I am using a binary classification dataset. I want to convert nominal data to numeric. what should I do?
age | class
------------
1 | no
2 | yes
3 | no
4 | yes
5 | no
6 | no
7 | no
8 | yes
9 | no
10 | y
Code:
mapping = {label:idx for idx,label in enumerate(np.unique(['class']))}
df['class'] = df['class'].map(mapping)
desired output : {'no':0 'yes':1}
the problem with your code is this:
np.unique(['class'])
You are trying to find the unique values of the list ['class']

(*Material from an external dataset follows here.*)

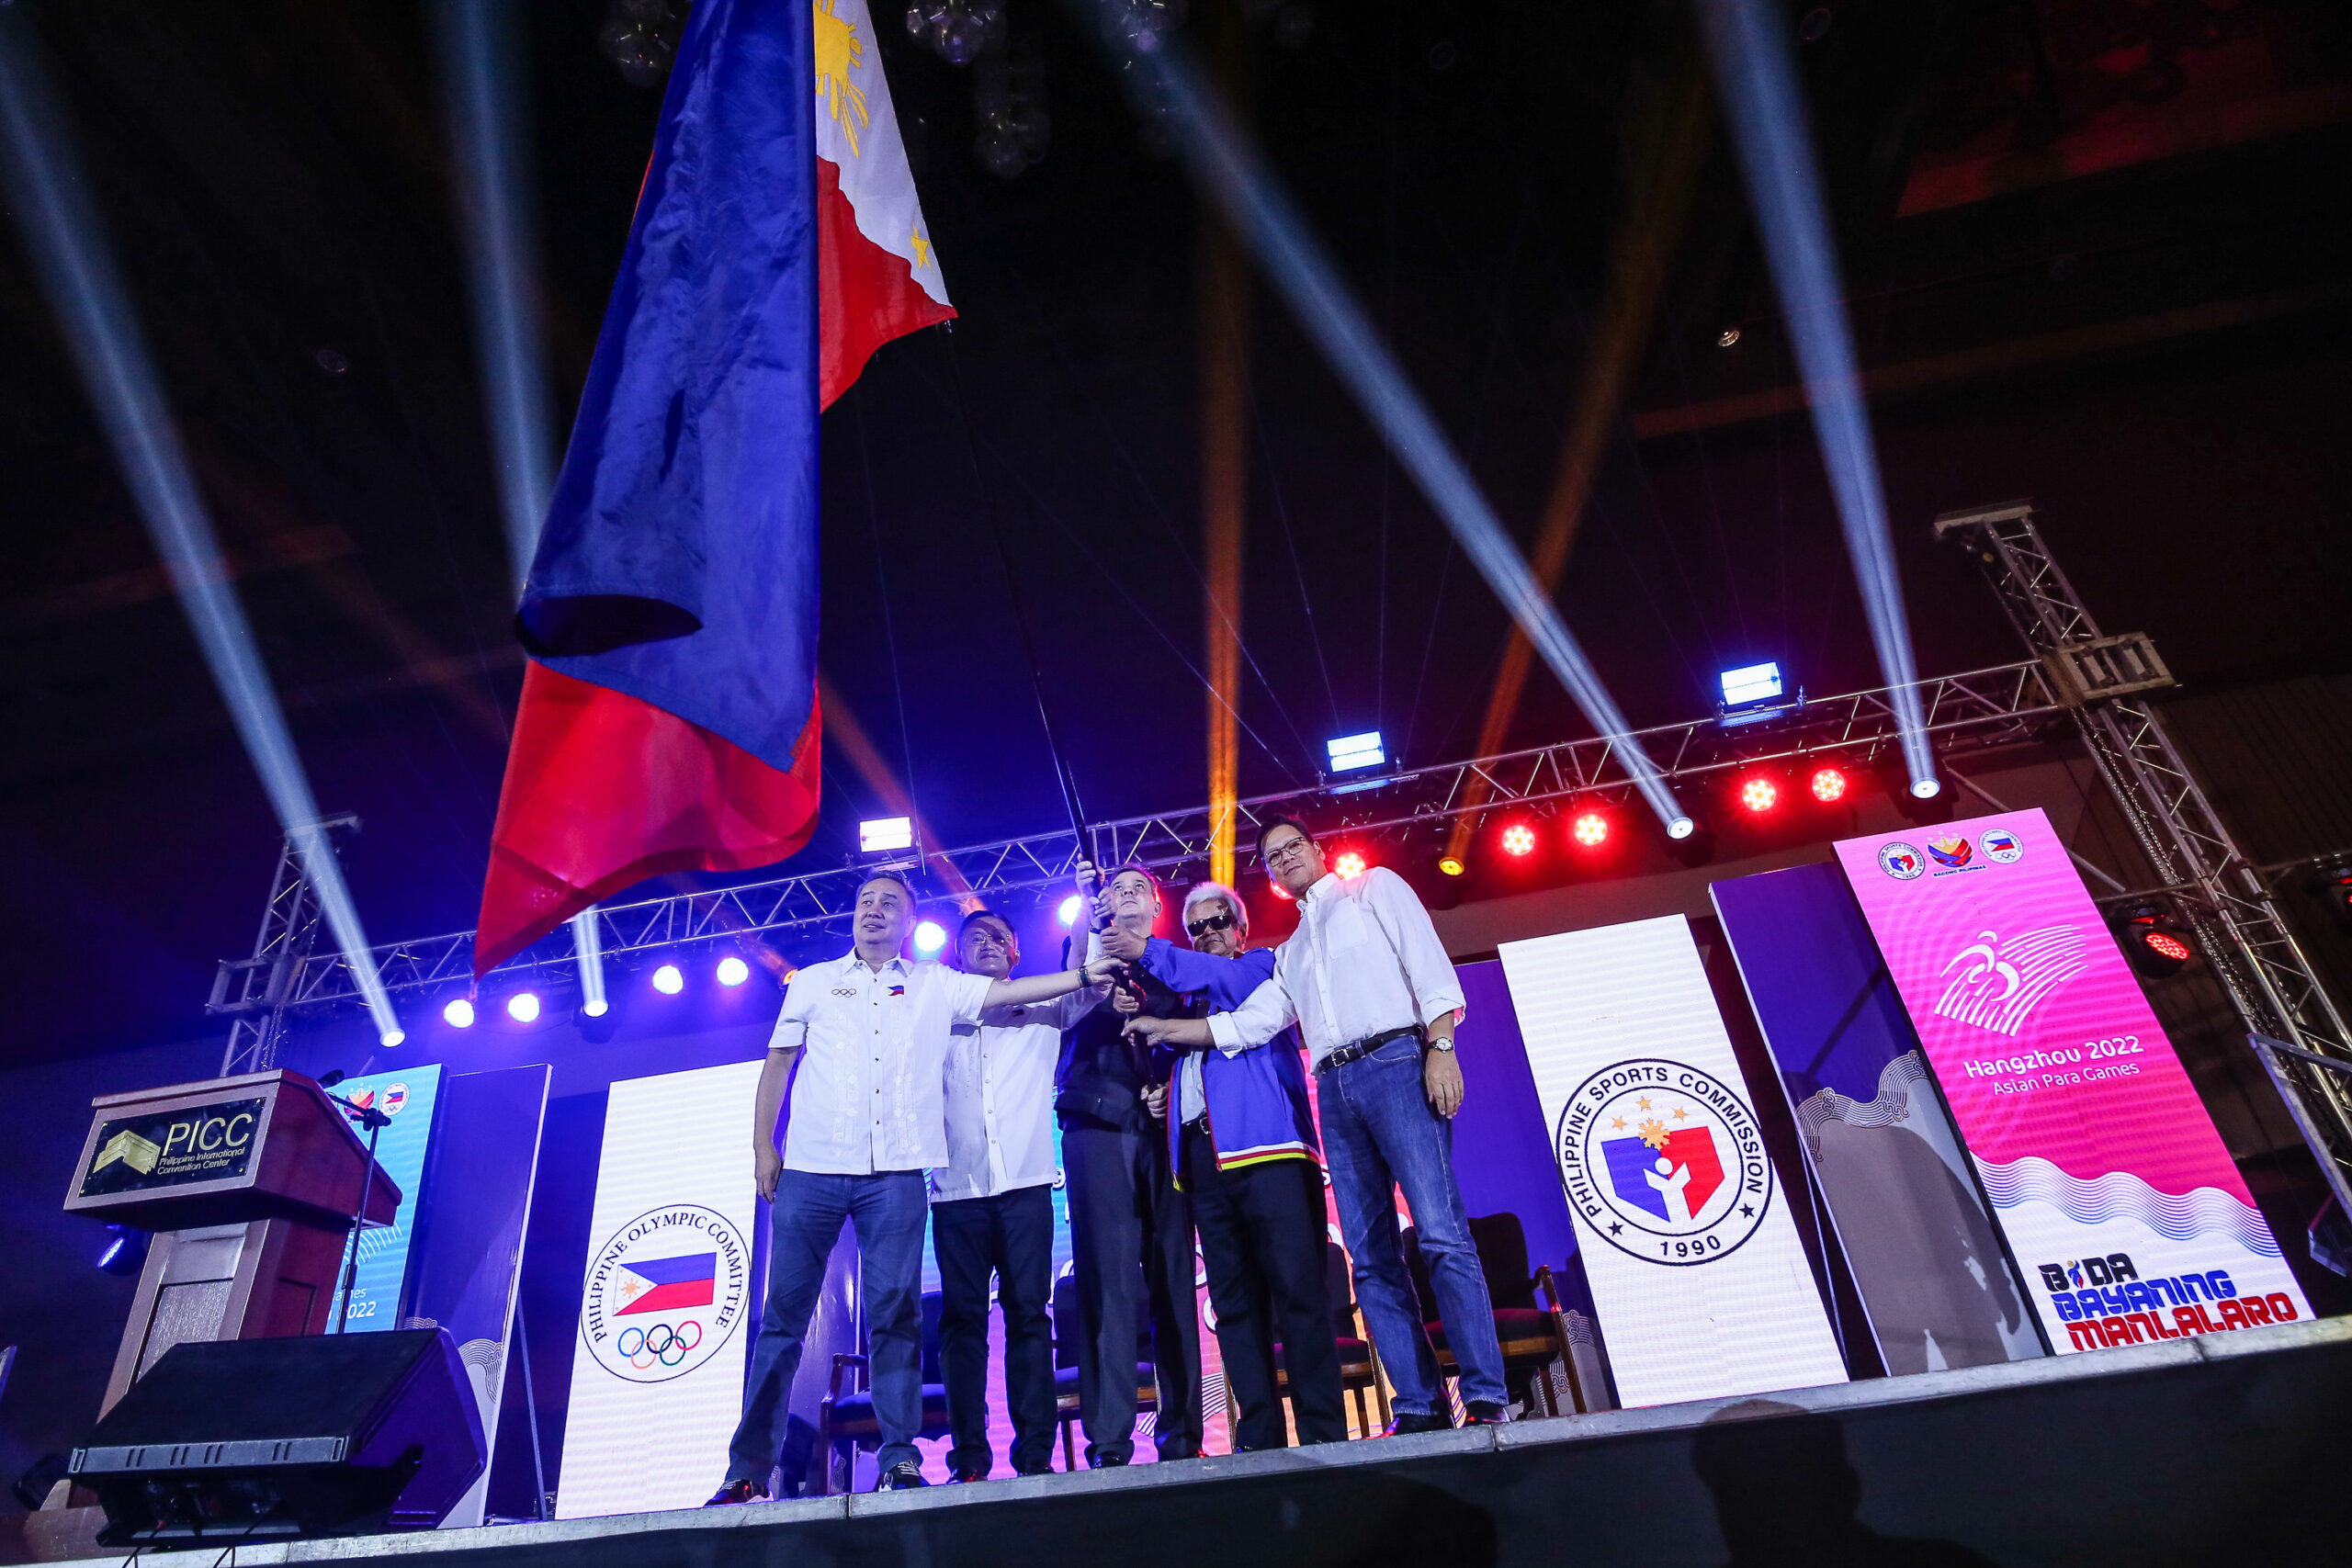 Philippine sports executives during the Asian Games sendoff on Monday at PICC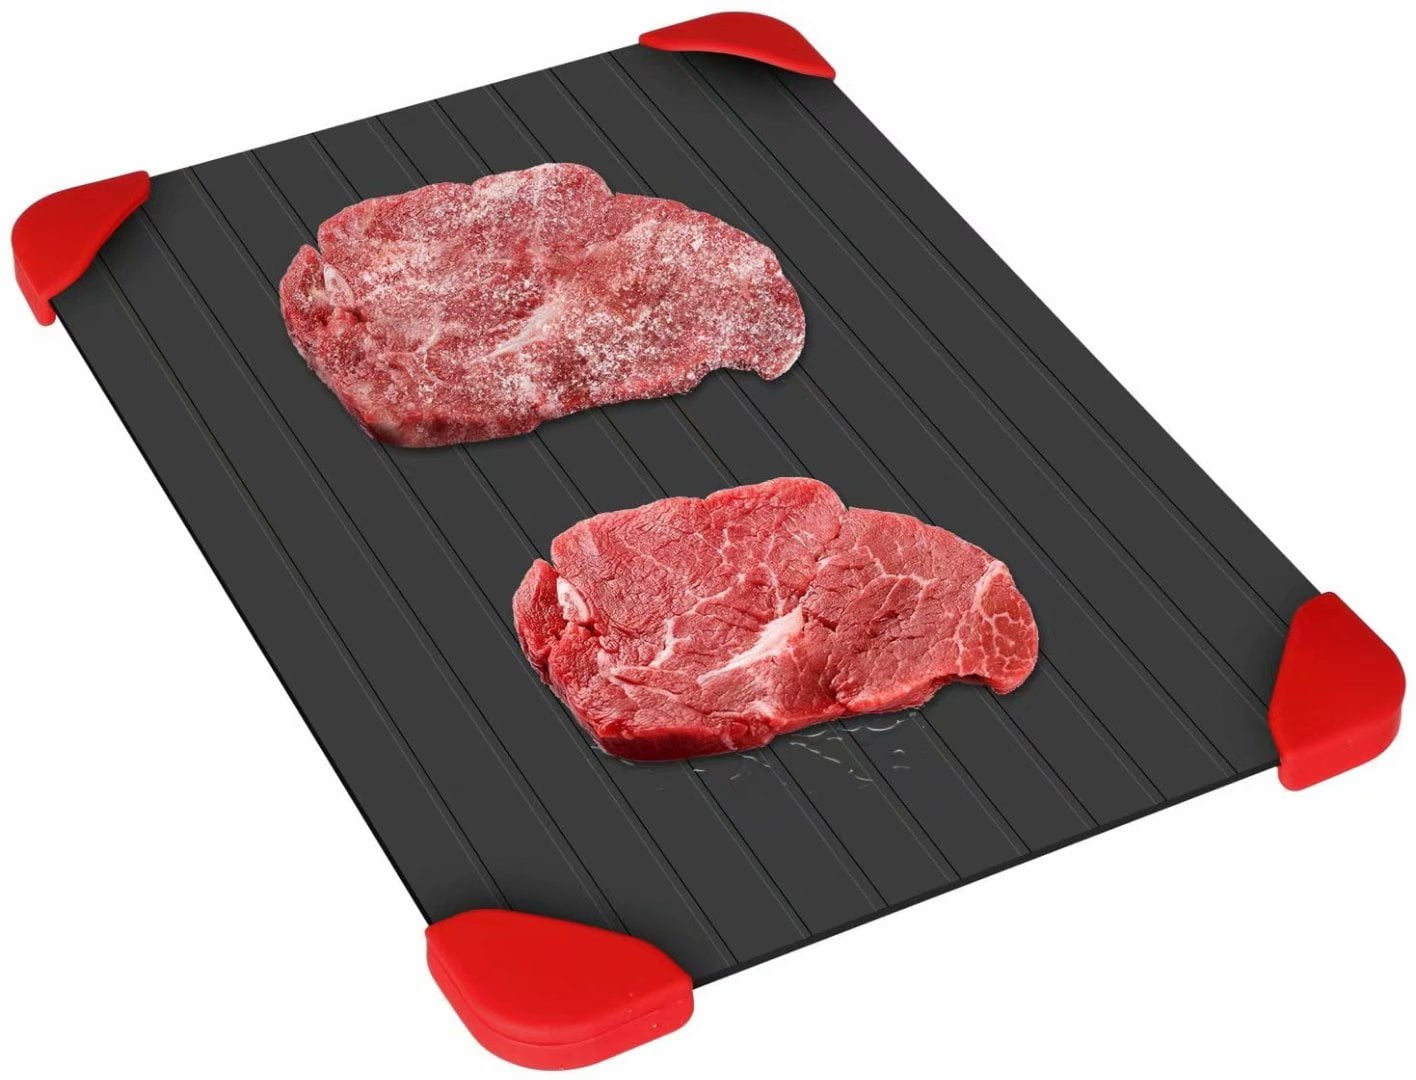 Details about   Fast Rapid Thawing Defrosting Tray Kitchen Safe Defrost Meat Thaw Frozen Food

, which is only a single value, you should change it to:
np.unique(df['class'])
which has all the different values of your class
column
But before that, you should replace your noisy data y
to yes
:
df['class'] = df['class'].replace('y', 'yes')
The mapping
variable now has your desired output:
{'no':0 'yes':1}
Complete code:
import numpy as np
import pandas as pd
df = pd.DataFrame(['no', 'yes', 'no', 'yes', 'no', 'no', 'no', 'yes', 'no', 'y'],columns=['class'])
df['class'] = df['class'].replace('y', 'yes') # replace your noisy data
mapping = {label:idx for idx,label in enumerate(np.unique(df['class']))} # make your mapping dict
df['class'] = df['class'].map(mapping) # map your class